This post will also be EGU Session ERE1.1 Display D924 at EGU2020: Sharing Geoscience Online. We will participate in the chat on Tuesday, May 5th from 8:30 to 10:15 to discuss our approach and findings. You can join the discussion on our parallel medium.com story.
Estimating fuel consumption of cars based on movement data and its sensitivity to car and movement specific properties
The transportation sector is responsible for approximately 20 percent of global CO2 emissions, most of which are produced by road traffic. Moreover, emissions are rising and are rising faster than in other sectors. Reducing these emissions is crucial to reaching the goals of the 2016 Paris agreement. Efficient reduction strategies and their monitoring rely on broad and exact data about passenger car fuel consumption and emissions.
To encourage people to drive eco-efficiently and to collect traffic data, 52°North initiated the open Citizen Science Platform enviroCar. Data from the vehicle’s on board diagnostics can be sent to the enviroCar Android App via an OBD-Bluetooth adapter and then anonymized and uploaded as open data to the enviroCar server. Fuel consumption – and thus emissions – are conventionally calculated from motor-specific data like mass-air-flow. One drawback of this approach is that users need to have an OBD adapter installed to get these specific data. An easier and broader use of the app is achieved if one calculates the energy consumption based on the movement data measured via GPS sensors in the mobile phone.
We present such a purely GPS-based approach and the means to assess the sensitivity of the resulting fuel consumption to vehicle parameters and the movement pattern. The vehicles and track patterns analyzed show a high degree of heterogeneity regarding size and weight of vehicles as well as speed, acceleration and road gradient. In total, we analyzed 51 tracks from the open enviroCar server covering 7600 km within 95 hours.
Instantaneous fuel consumption is load-based and calculated using Equations 1-3.
Whereas movement-related parameters like speed and acceleration are taken from the enviroCar data base, some additional parameters need to be taken from external sources (see Table 1). Parameters specific to a vehicle are constant for all cars, because these data are not yet included in the enviroCar platform. We will also discuss the resulting errors in the following paragraph. An important parameter is efficiency. It depends strongly on driving conditions. To take these variations into account, we linearly interpolate efficiency from 0.1 at −2000 N driving resistance to 0.4 at 2000 N or 0.43 for Diesel engines, respectively. This approach is based on the idea that the higher the driving resistance, the higher the engine load and thus the efficiency.
Figure 1 shows an example of movement patterns and fuel consumption calculated for a track collected with a Renault Clio. A speed of up to 160 km/h indicates that the car was driving on a highway, at least for part of the time.
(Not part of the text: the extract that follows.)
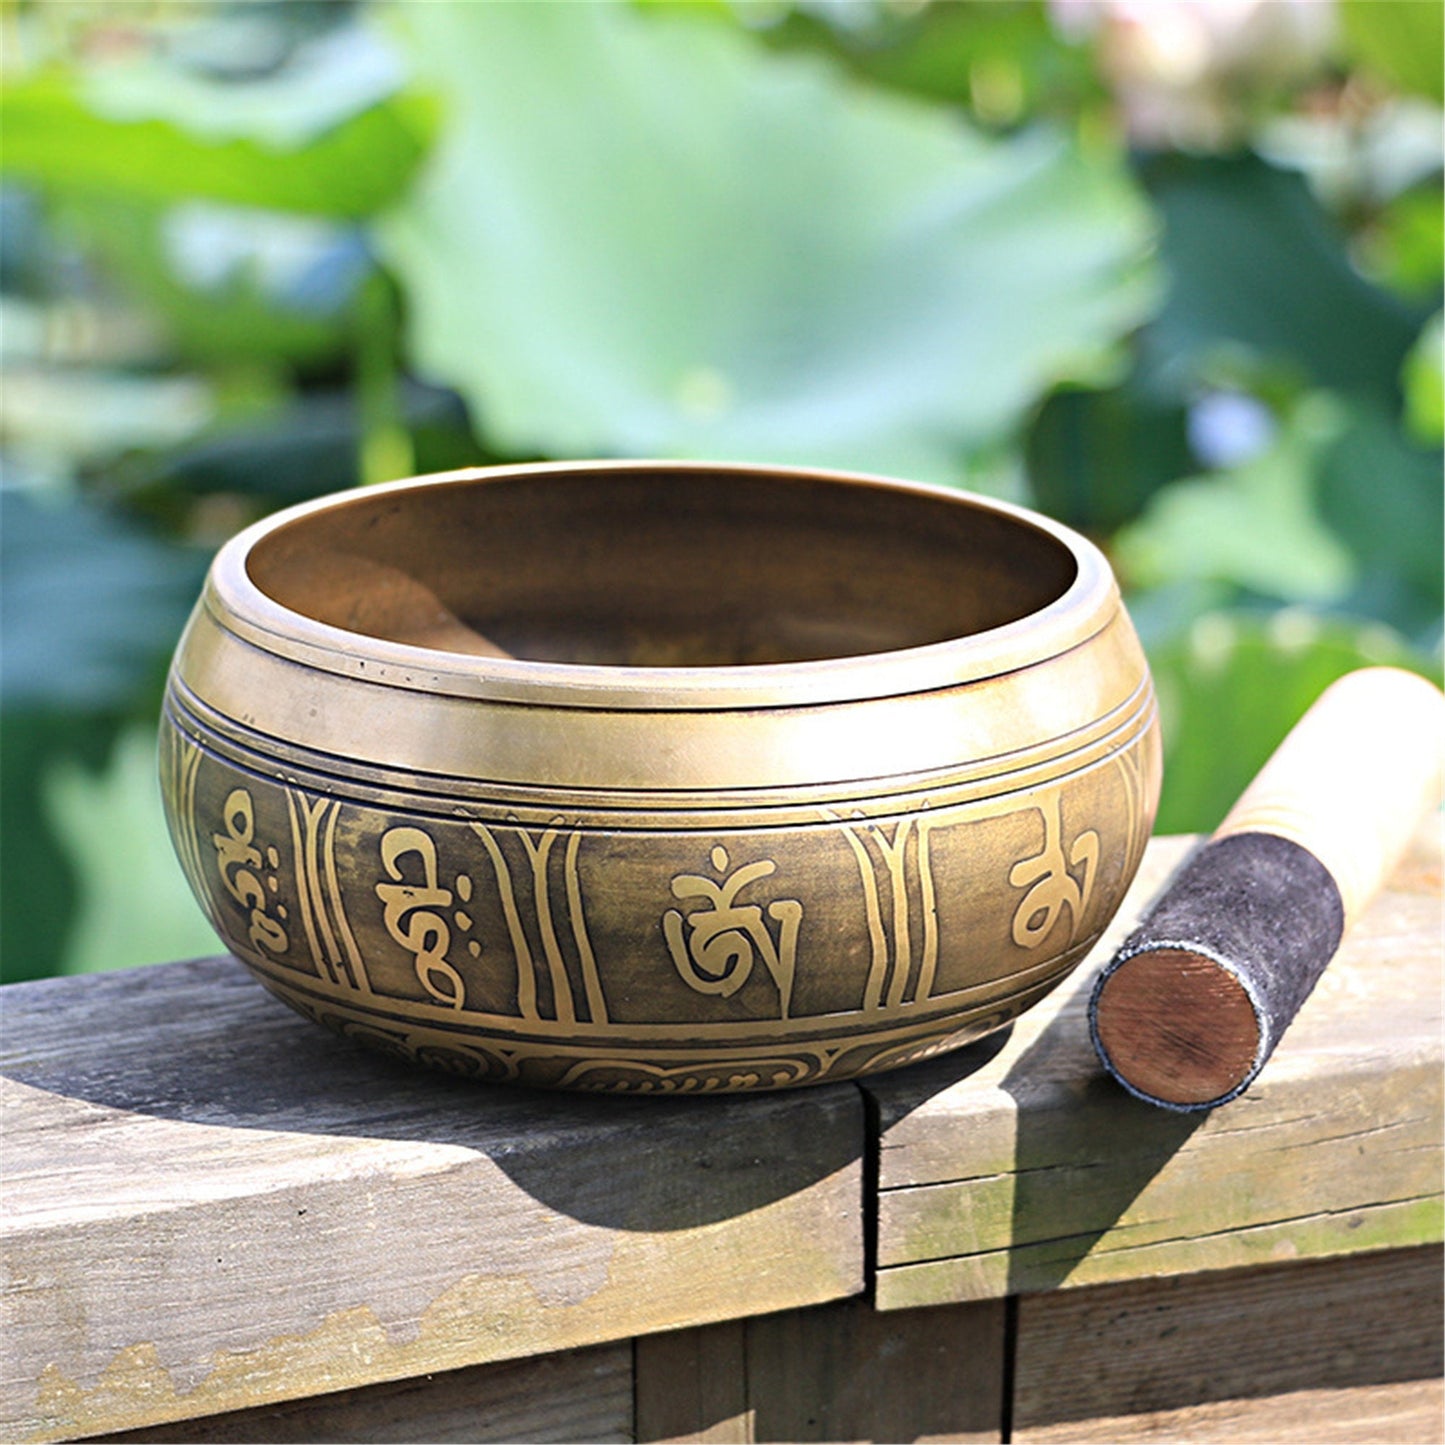 Gandhanra 4.2”- 6.5” Tibetan Singing Bowl,Engraved with Buddhism Mantra Cross Vajra

The lower image shows a comparison of calculated consumption with the consumption derived from the OBD. The values are similar except for the period between 40 and 60 minutes. We see discrepancies of about 5 l/h. The reasons for inaccuracies can be manifold. On the one hand, the calculation is simple and ignores, e.g. effects like wind or road conditions. On the other hand, the specified average vehicle-specific parameters diverge from the true values of the Renault Clio. For example, we can assume the true mass to be about 1050 kg. Using a linear error propagation, we calculated the resulting errors from a wrong mass, which is indicated by the red area. Obviously, this alone could explain the observed errors, however, it is only one possible factor. The influence of other factors can be estimated in the same fashion, which not only helps to understand the accuracy of load-based consumption models, but also indicates how car design and driving style influence fuel consumption.
In addition to the detailed analysis of specific tracks, we investigate the overall performance of 51 tracks using the consumption errors per 100 km. These are calculated using Equation 4
Figure 2 shows a comparison of the consumption per 100 km between the calculated and the OBD-derived values (top) and their differences (bottom). We can observe that for most tracks the differences are close to or below 1 l per 100 km. Errors tend to be larger for tracks with stop-and-go characteristics (red x labels). The large errors for the Toyota HIACE and the Chevrolet Tahoe (black x labels) are not surprising, because the true vehicle-specific parameters diverge largely from the values used in Table 1. Further, we note that the approach also provides reasonable results for Diesel cars (purple x labels). We only analyzed a few Diesel tracks, so this might limit the significance of our finding.
Despite the simplicity of our model, we are able to provide relatively precise values compared to consumption derived from the OBD with errors mostly close to or smaller than 1 l per 100 km. We can avoid some outliers by including true vehicle-specific parameters. Further improvements are needed for stop-and-go dominated tracks. One possibility would be to increase the temporal sampling rate. We might miss acceleration phases using the sampling of 5 s (with small exceptions), which leads to an underestimation of consumption. Although it has only been applied to cars with combustion engines, our approach is general and can also be applied to electric cars. In this case, we have to include a recuperation model and adapt the model to calculate efficiency.